A researcher at a major clinic wishes to estimate the proportion of the adult population of the United States that has sleep deprivation. How large a sample is needed in order to be 90% confident that the sample proportion will not differ from the true proportion by more than 4%?

Answer 1

The size of a confidence interval depends on several factors, including the margin of error and the level of confidence.


In this case, the researcher has set a level of confidence of 90%. This means that they are aiming for an interval that includes 90% of the values that would be observed if the experiment was conducted many times.


The researcher also wants to ensure that their confidence interval includes the true proportion of the US population that is sleep-deprived—within a margin of error of 4%.

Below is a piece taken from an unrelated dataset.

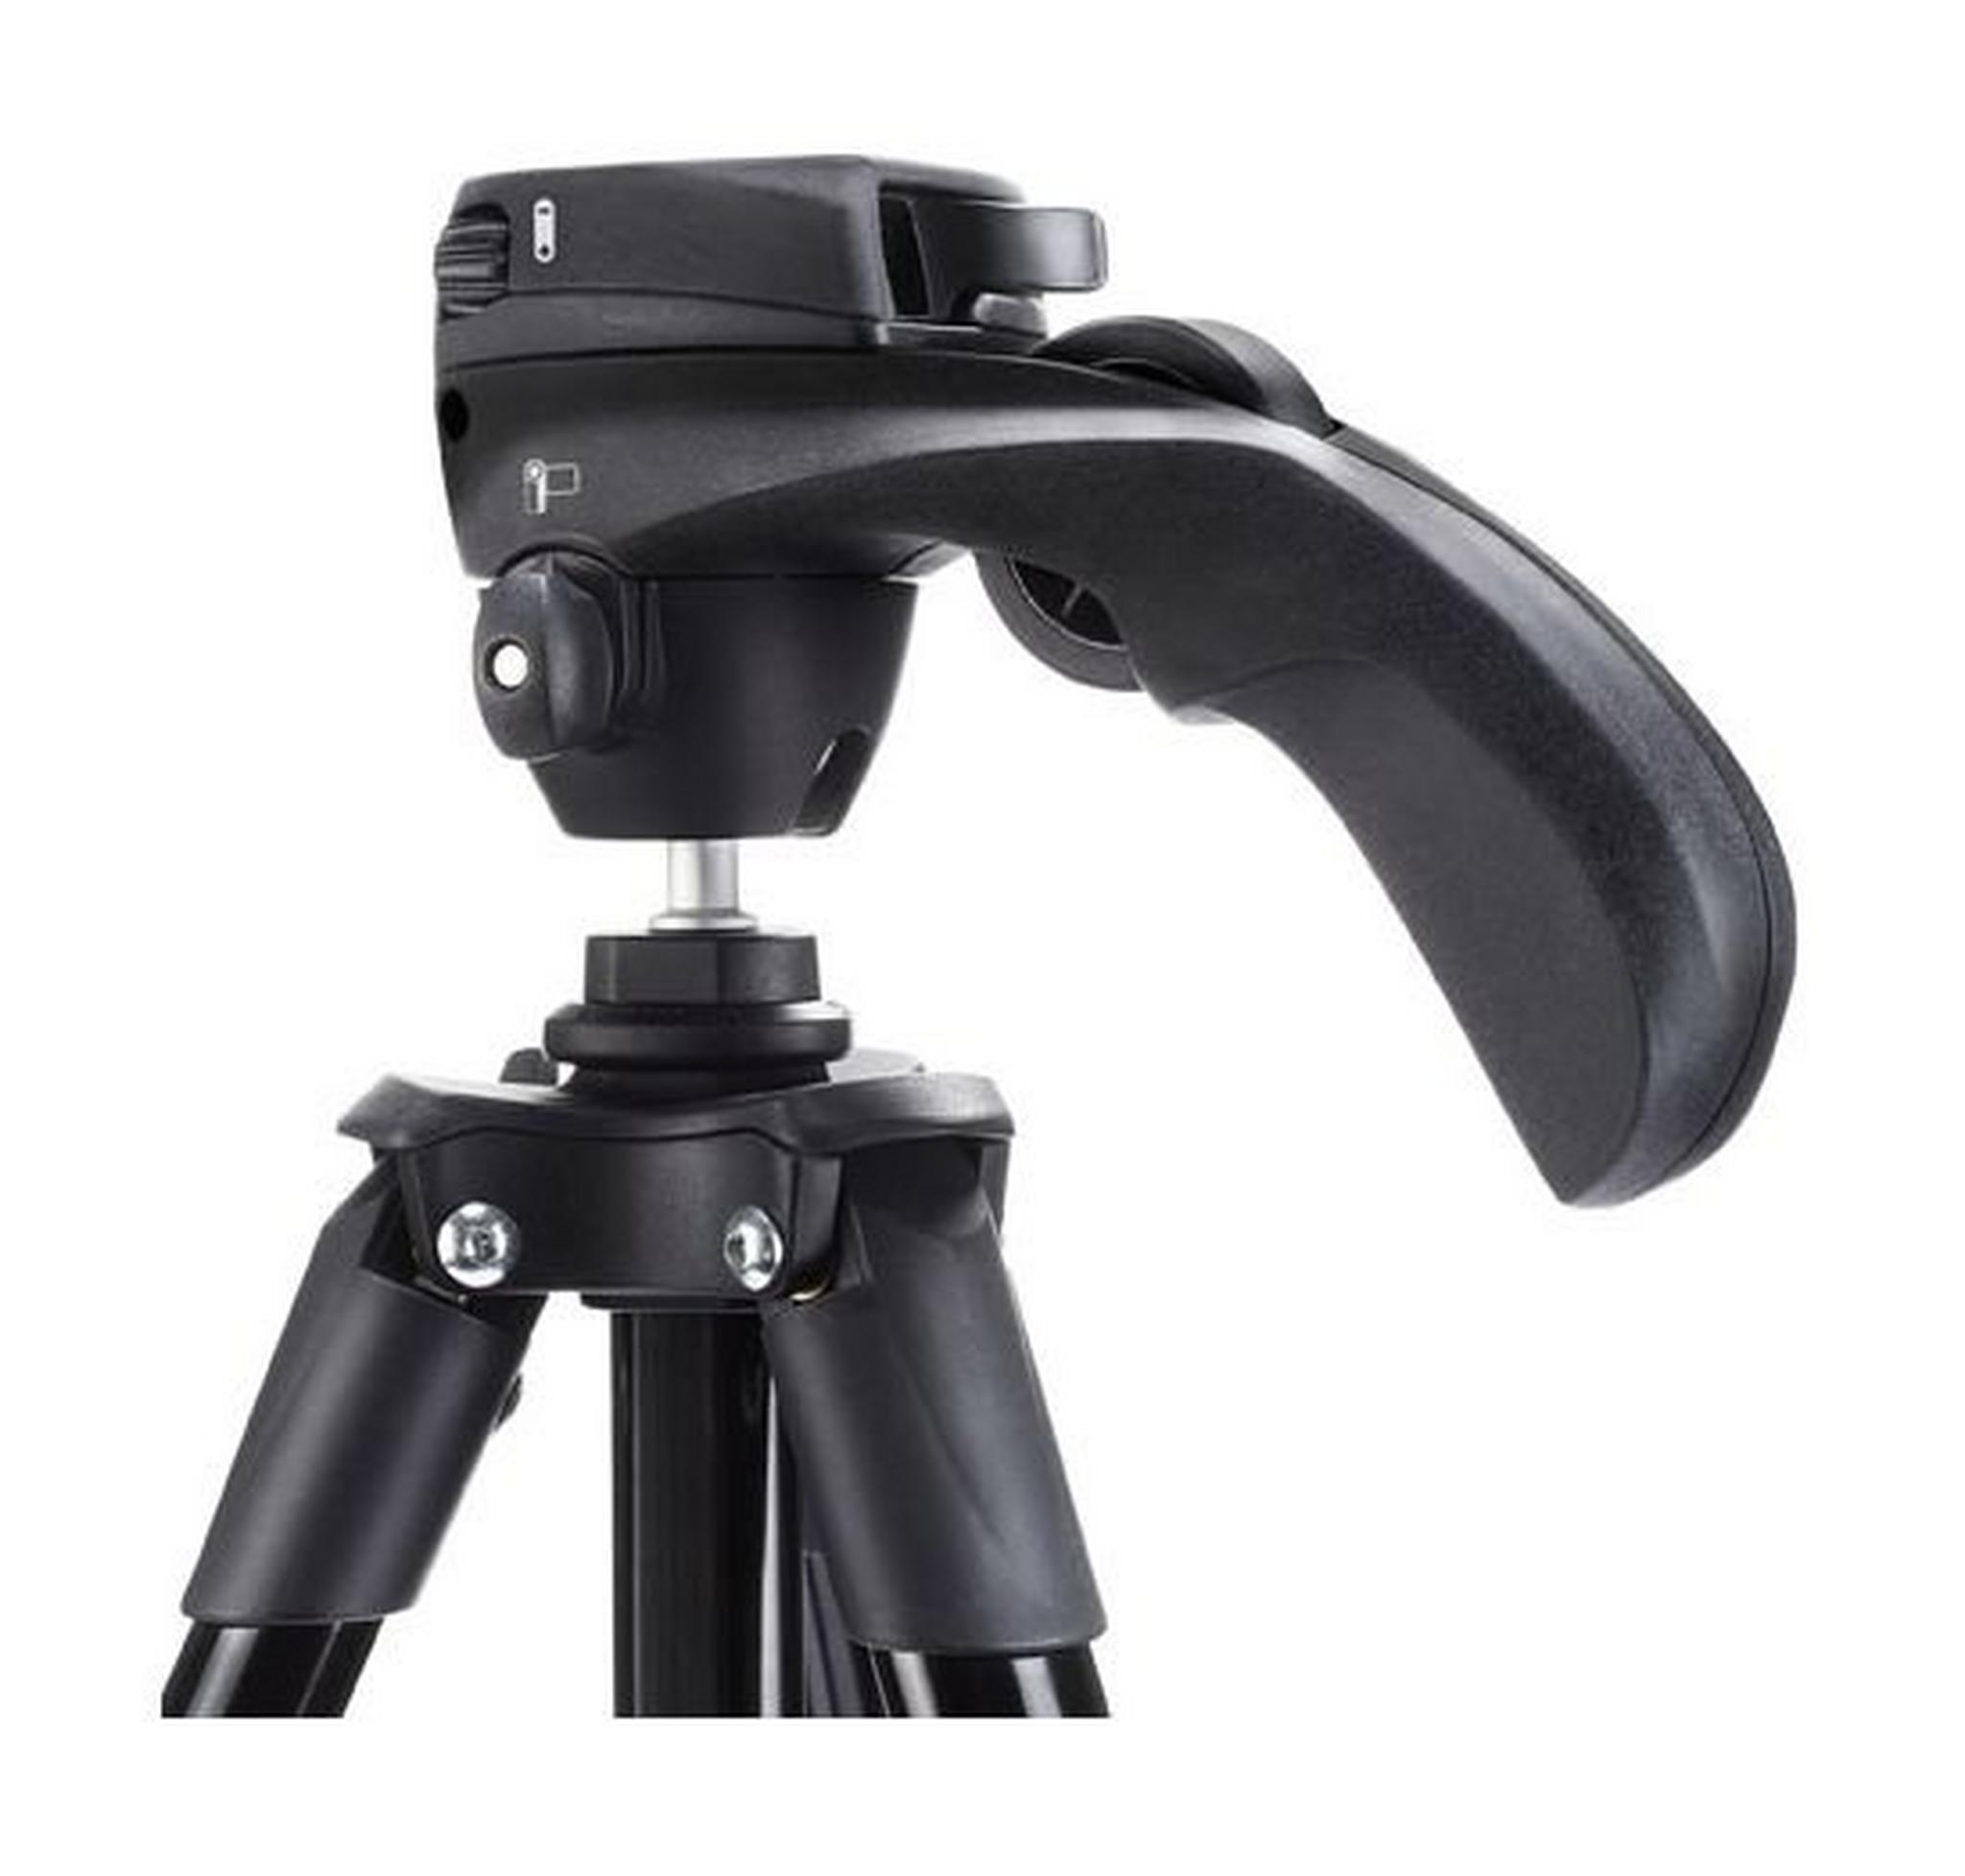 حامل كاميرا ثلاثي مدمج مع عصا تحكم من مانفروتو – ارتفاع ١٥٥ سم – أسود (MKCOMPACTACN-BK)

The exact value of the sample size is 1722 (1/.04 × .9 × 100).

Answer 2

We can use the formula for the margin of error:

Margin of error = z* * sqrt(p*(1-p)/n)

where z* is the z-score for the desired level of confidence, p is the estimate of the proportion (we'll assume 0.5 since we don't have any prior information), and n is the sample size.

We want the margin of error to be no more than 0.04, and we want to be 90% confident, so the z-score is 1.645 (from a standard normal distribution table).

0.04 = 1.645 * sqrt(0.5*(1-0.5)/n)

Solving for n, we get:

n = (1.645/0.04)^2 * 0.5*(1-0.5) = 601.25

So we need a sample size of at least 602 to be 90% confident that the sample proportion will not differ from the true proportion by more than 4%.